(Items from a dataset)
++++++++++++++++++++

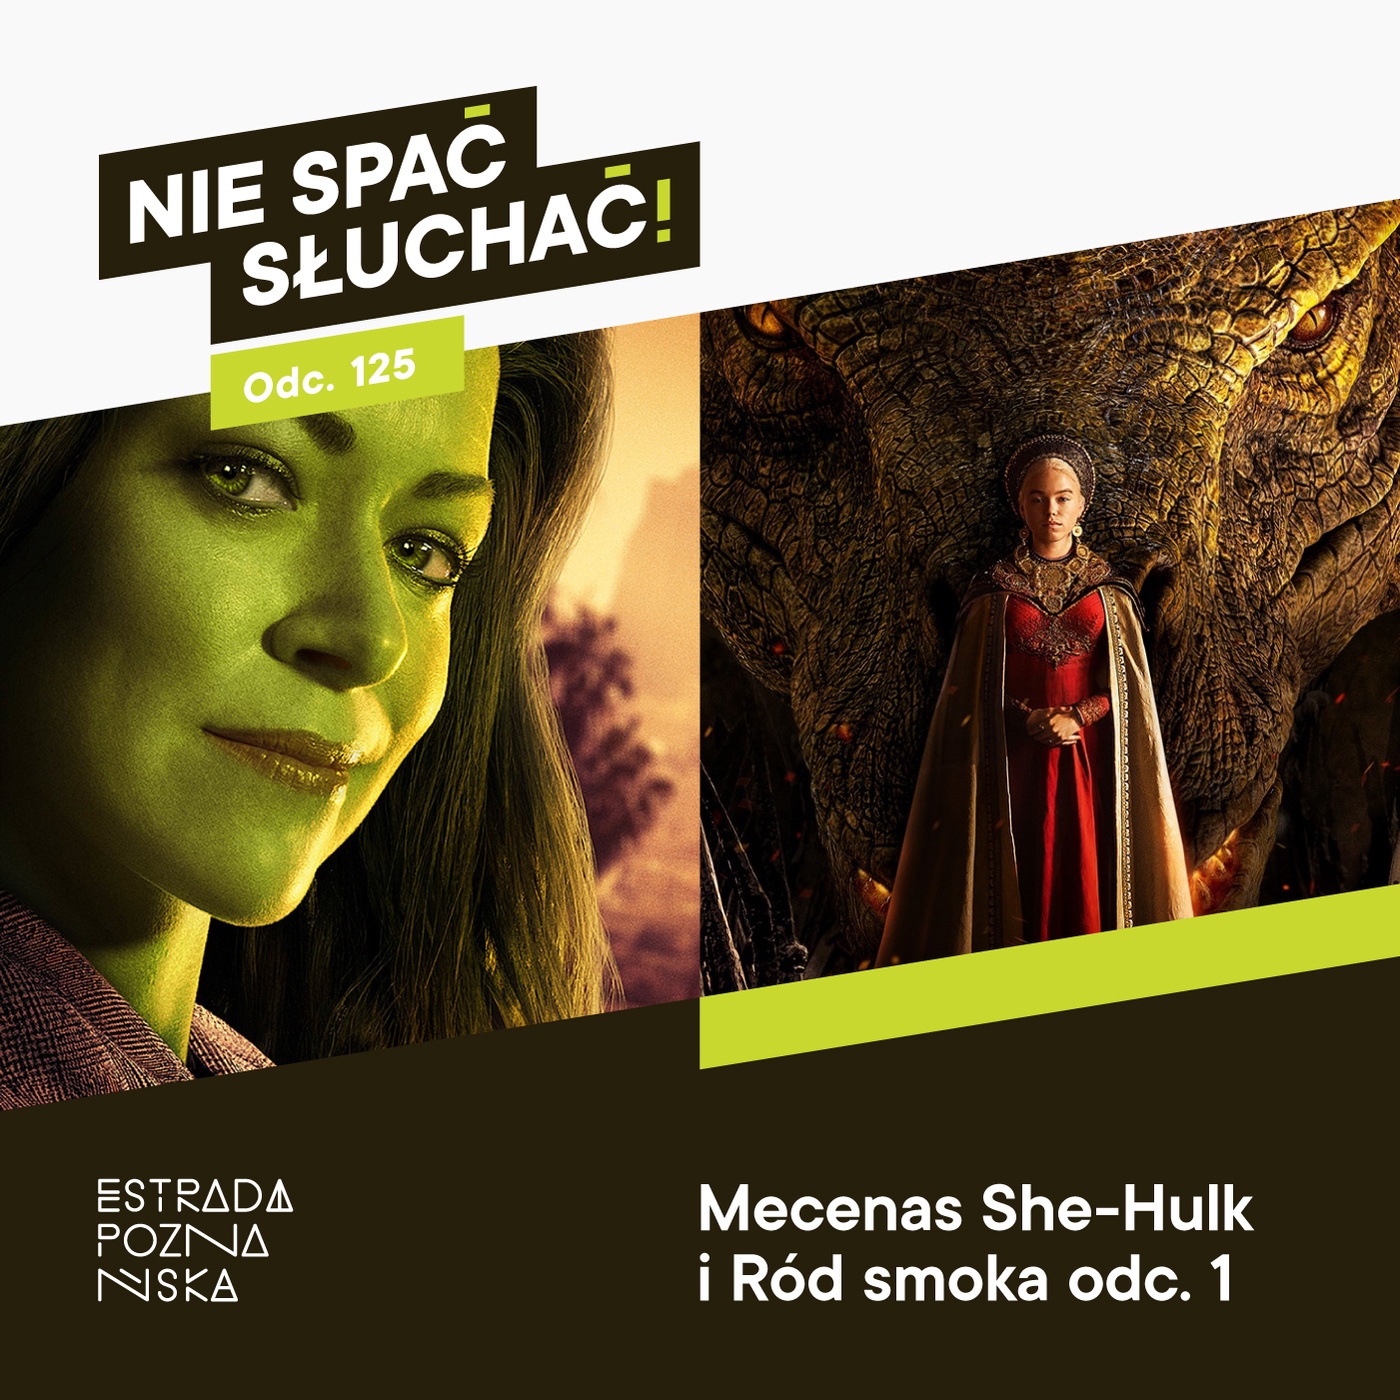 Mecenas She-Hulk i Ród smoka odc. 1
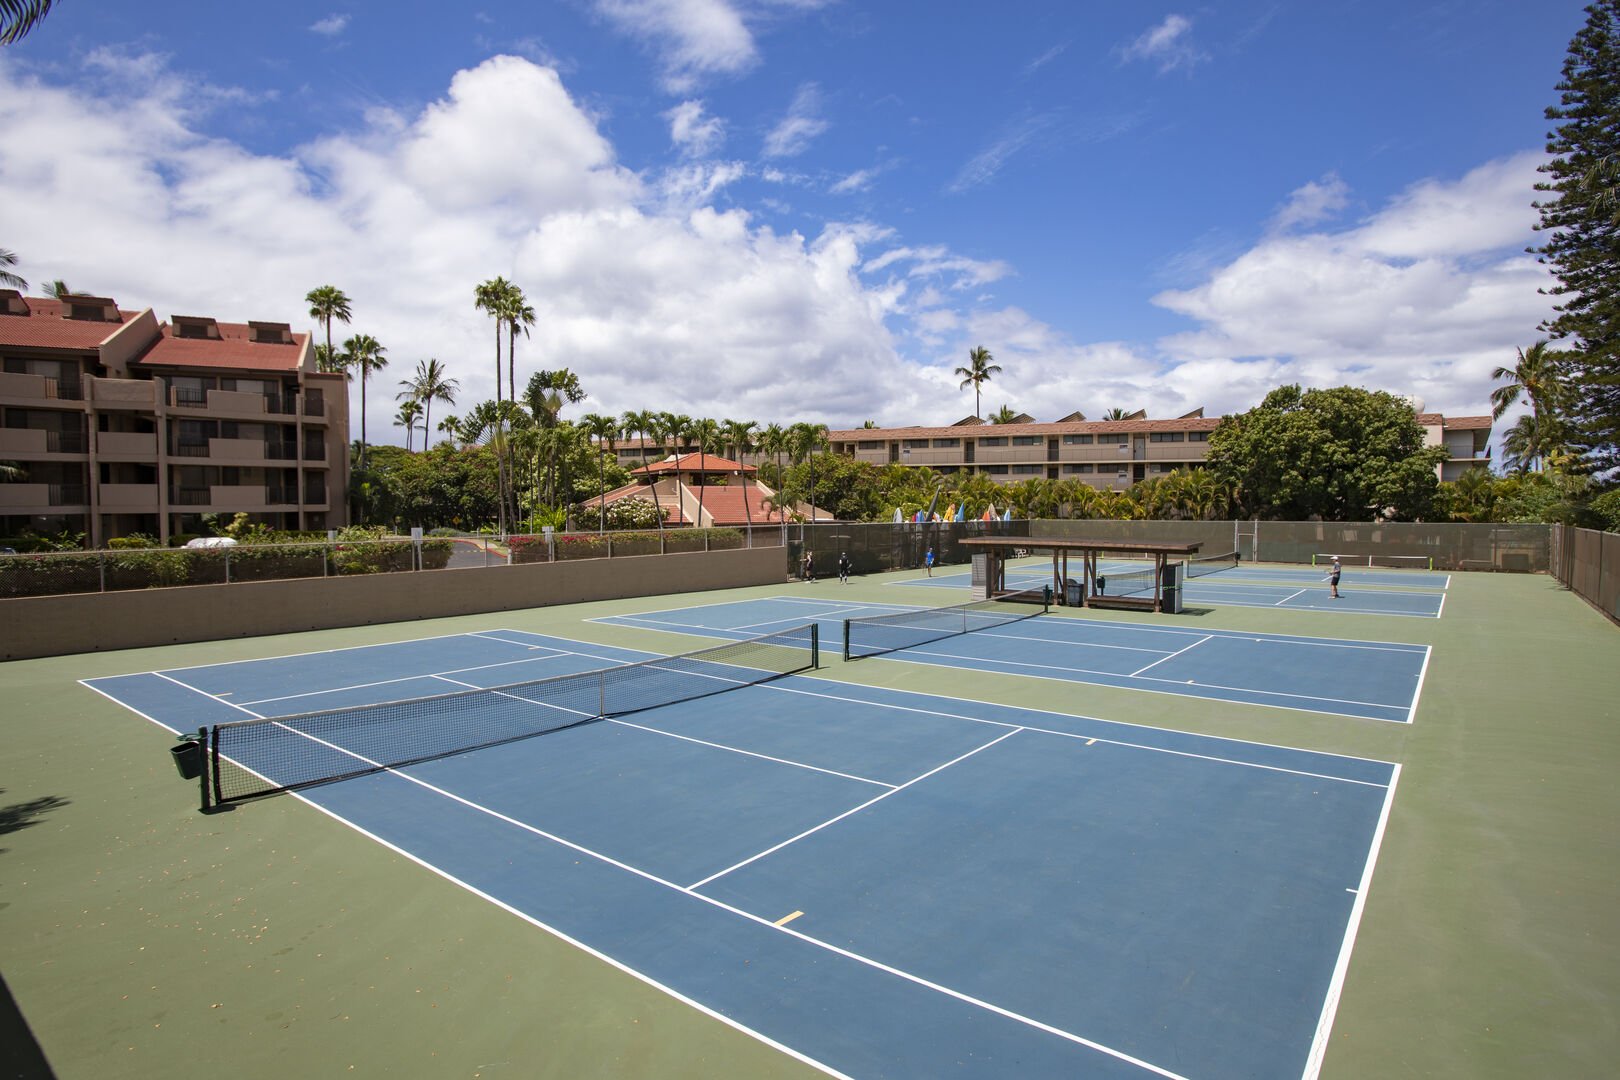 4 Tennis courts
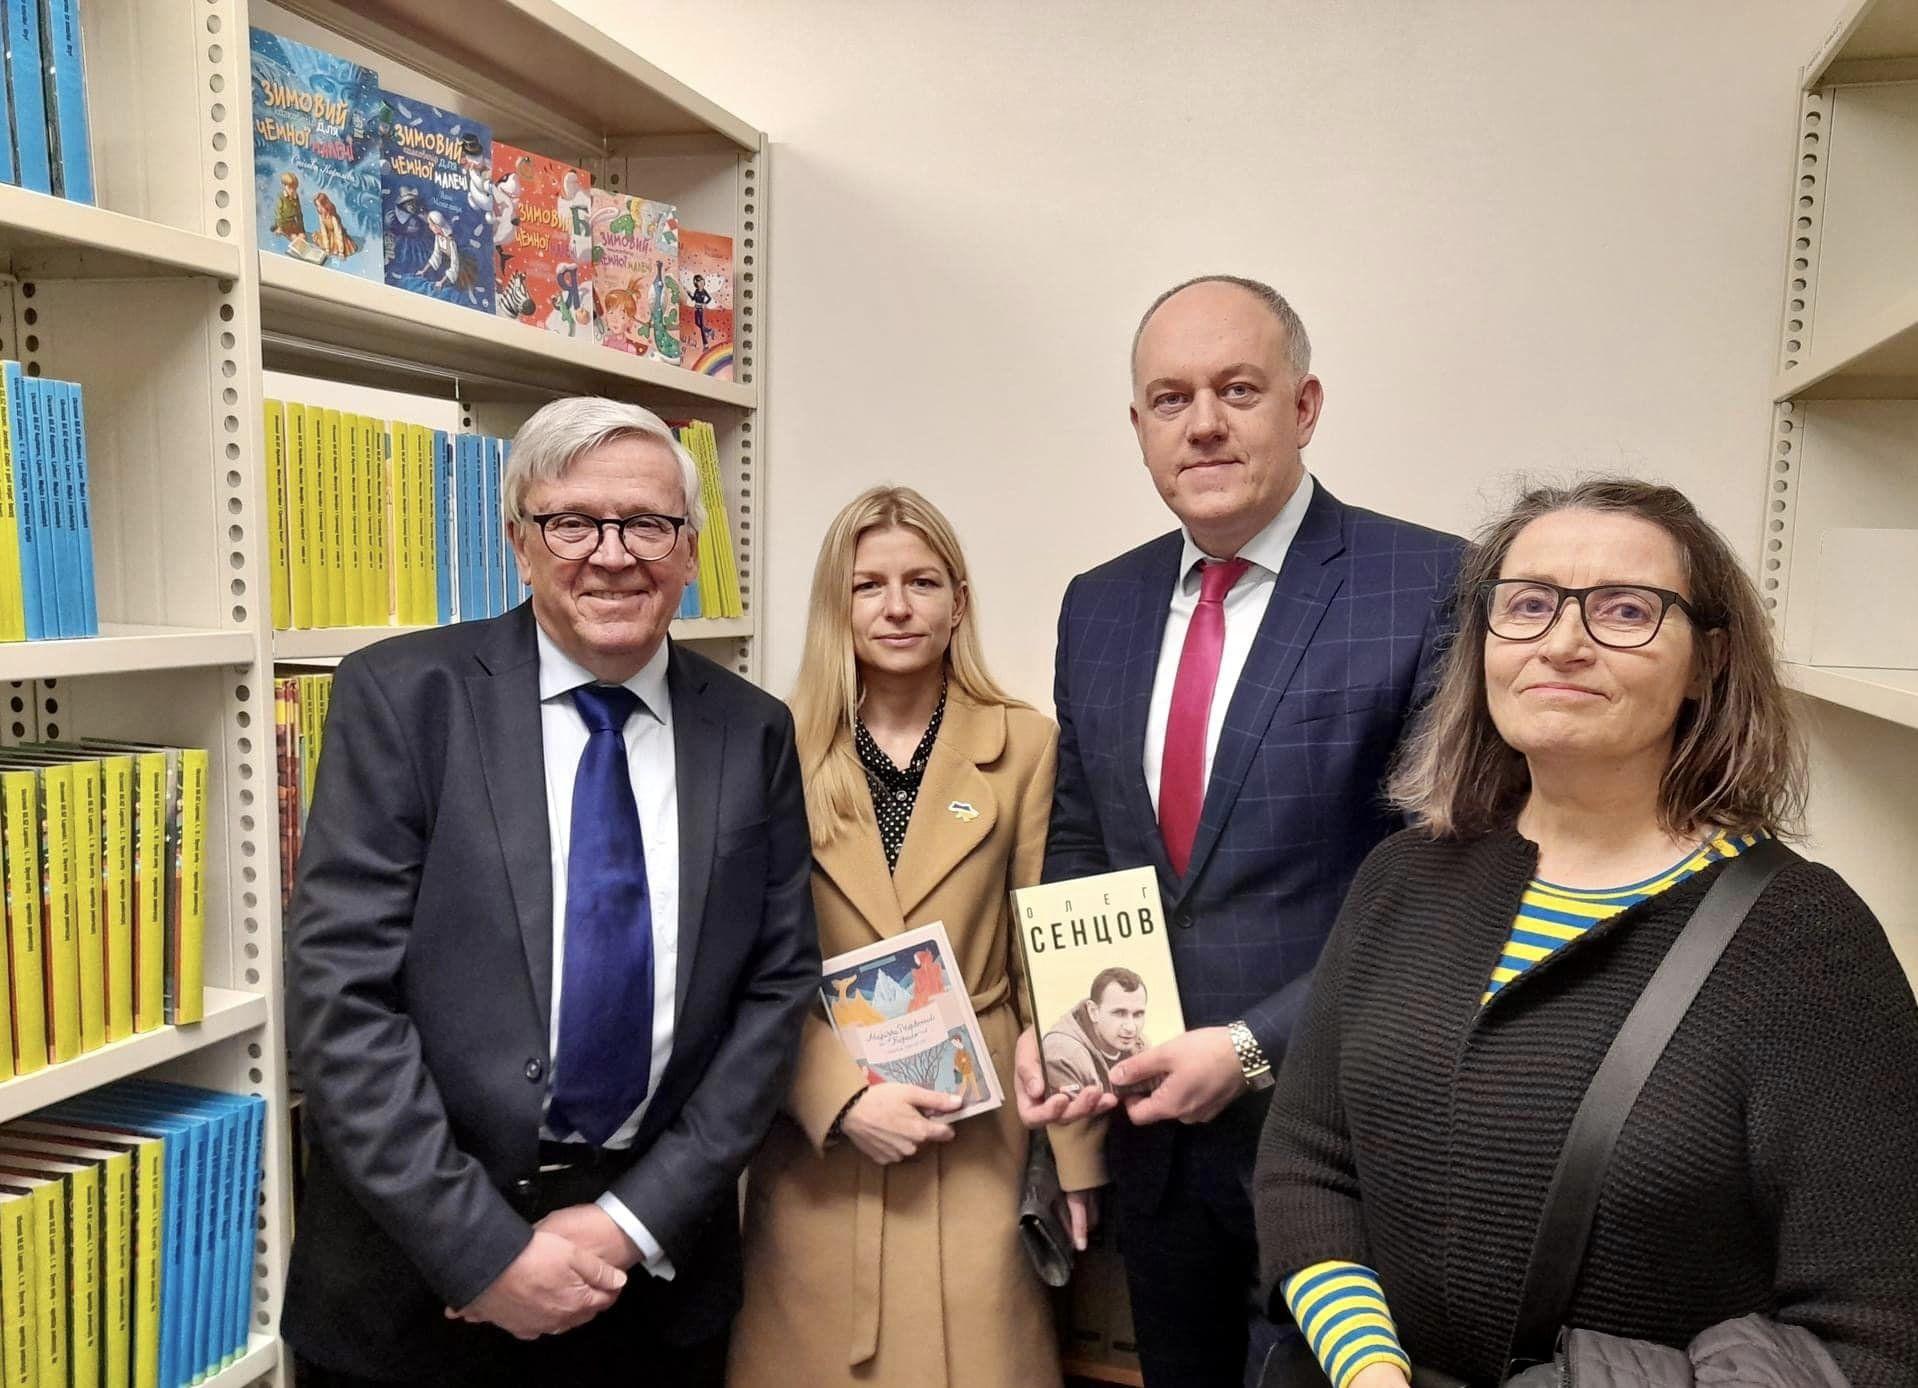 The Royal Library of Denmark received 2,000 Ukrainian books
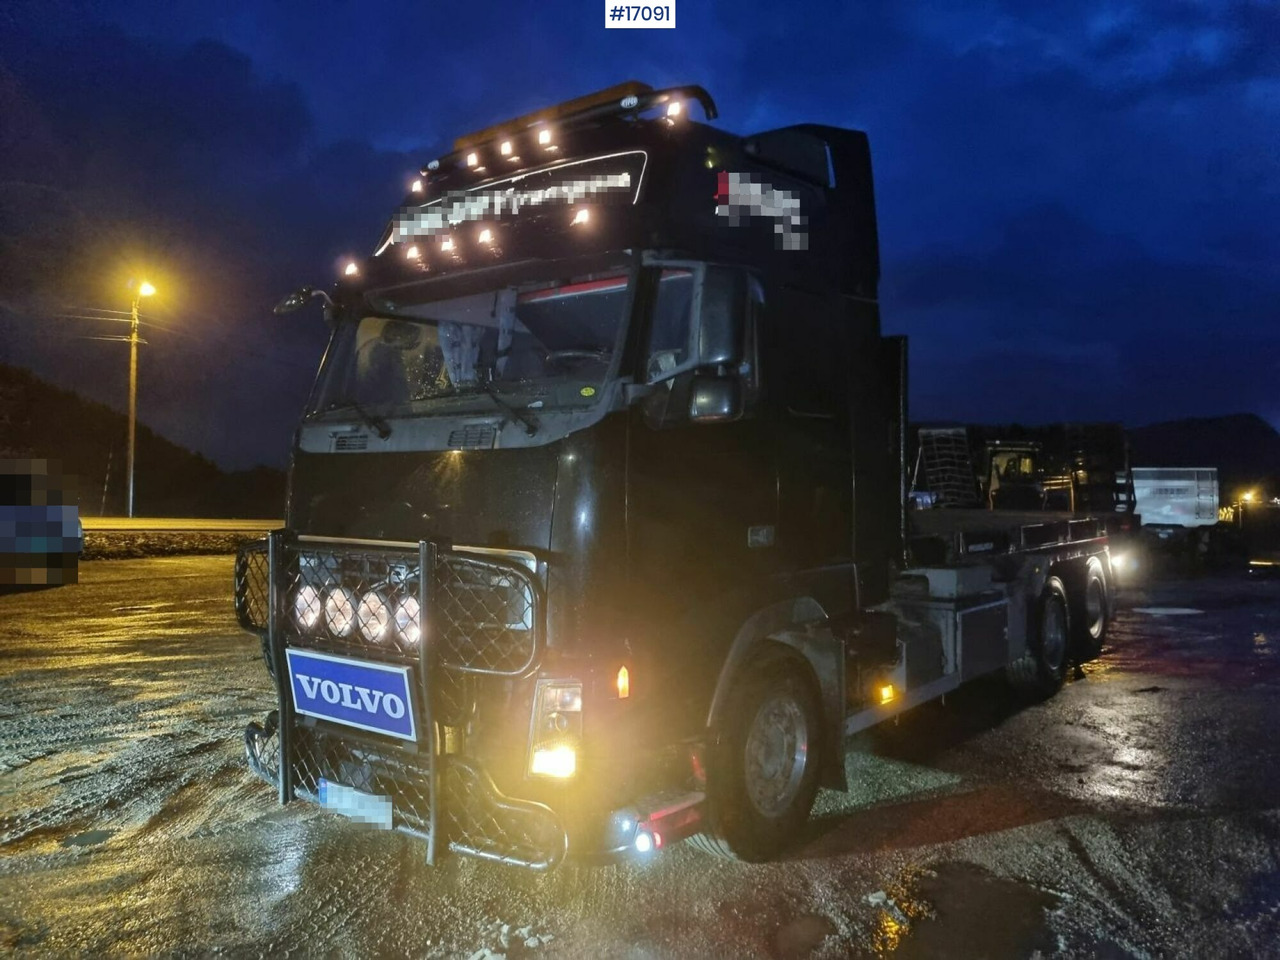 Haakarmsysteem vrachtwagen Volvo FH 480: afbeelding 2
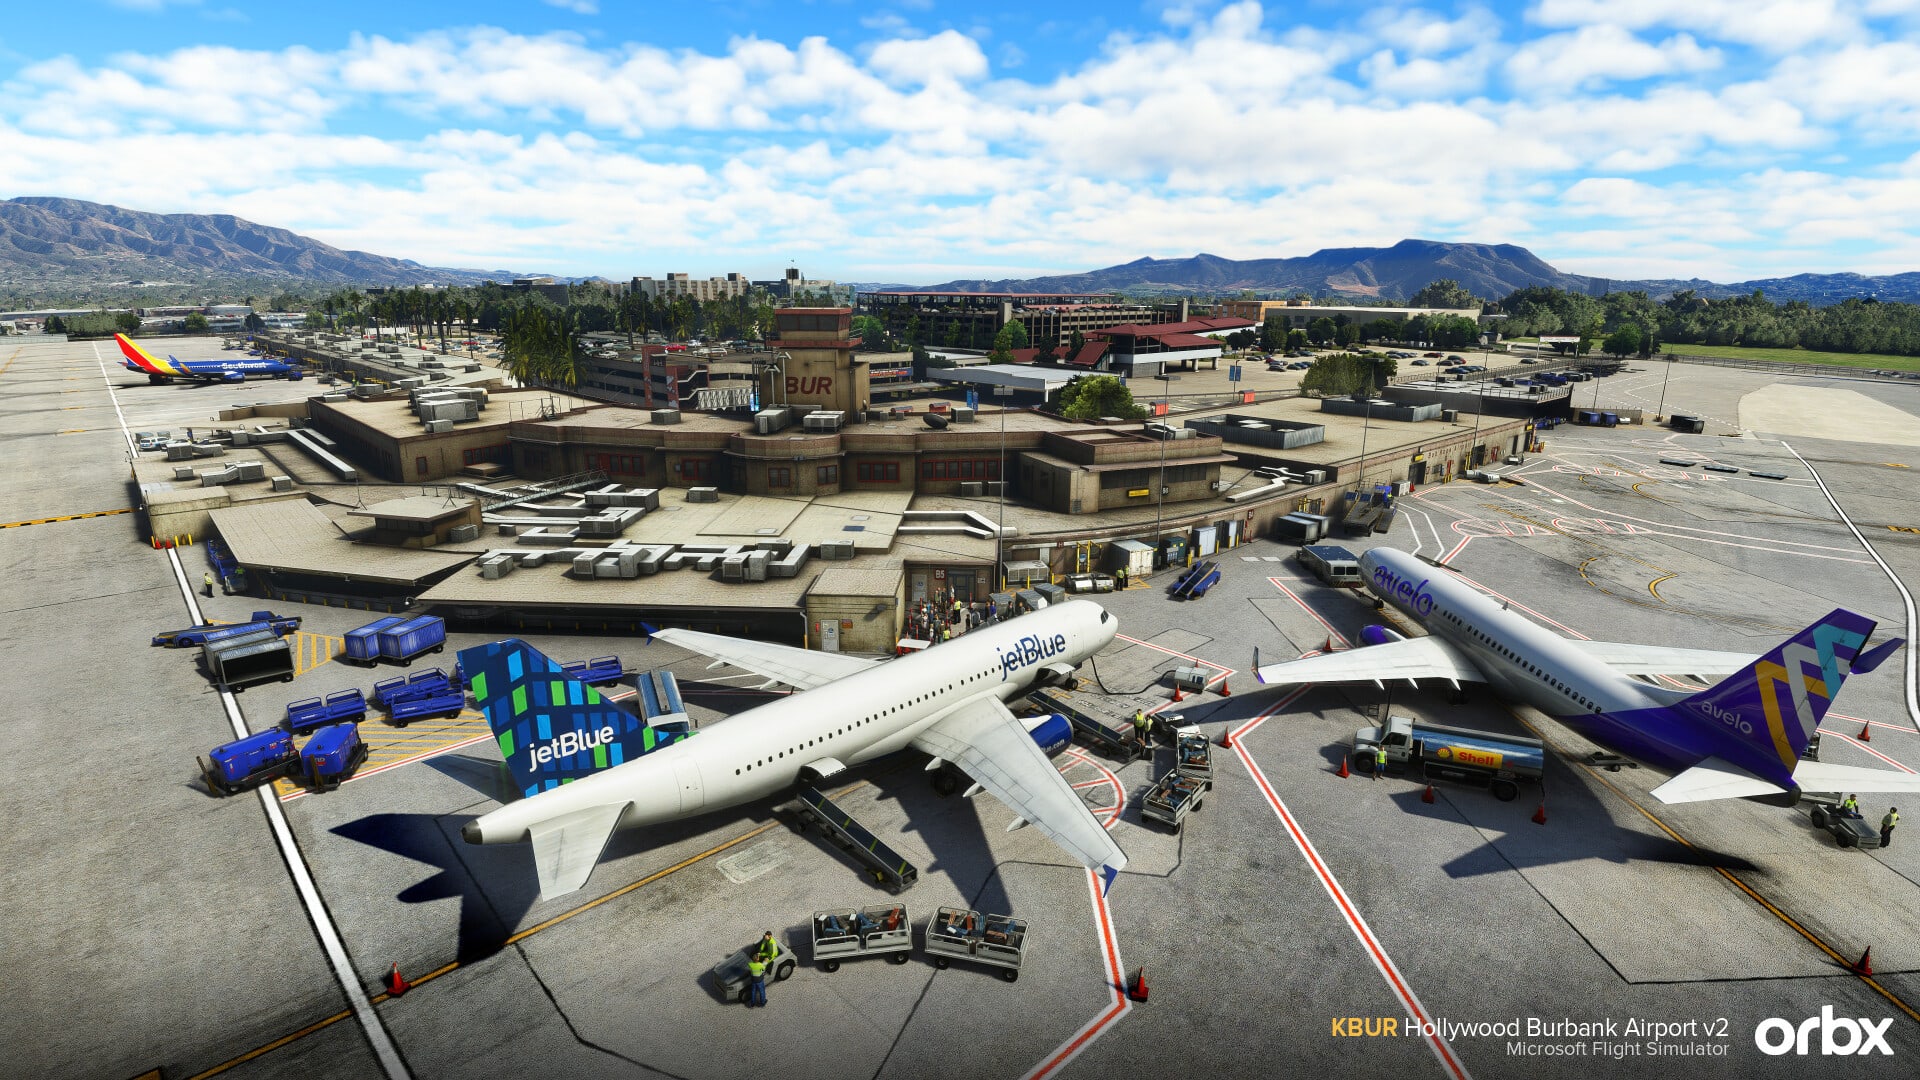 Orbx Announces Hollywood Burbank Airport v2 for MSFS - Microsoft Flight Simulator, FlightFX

++++++++++++++++++++

• _Aim of the exercise_
Retype precisely, and only, the lines from the one holding "4 Tennis courts" through the final line of the data above, with the pictures omitted.

• _Your response_
 4 Tennis courts
 The Royal Library of Denmark received 2,000 Ukrainian books
 Haakarmsysteem vrachtwagen Volvo FH 480: afbeelding 2
 Orbx Announces Hollywood Burbank Airport v2 for MSFS - Microsoft Flight Simulator, FlightFX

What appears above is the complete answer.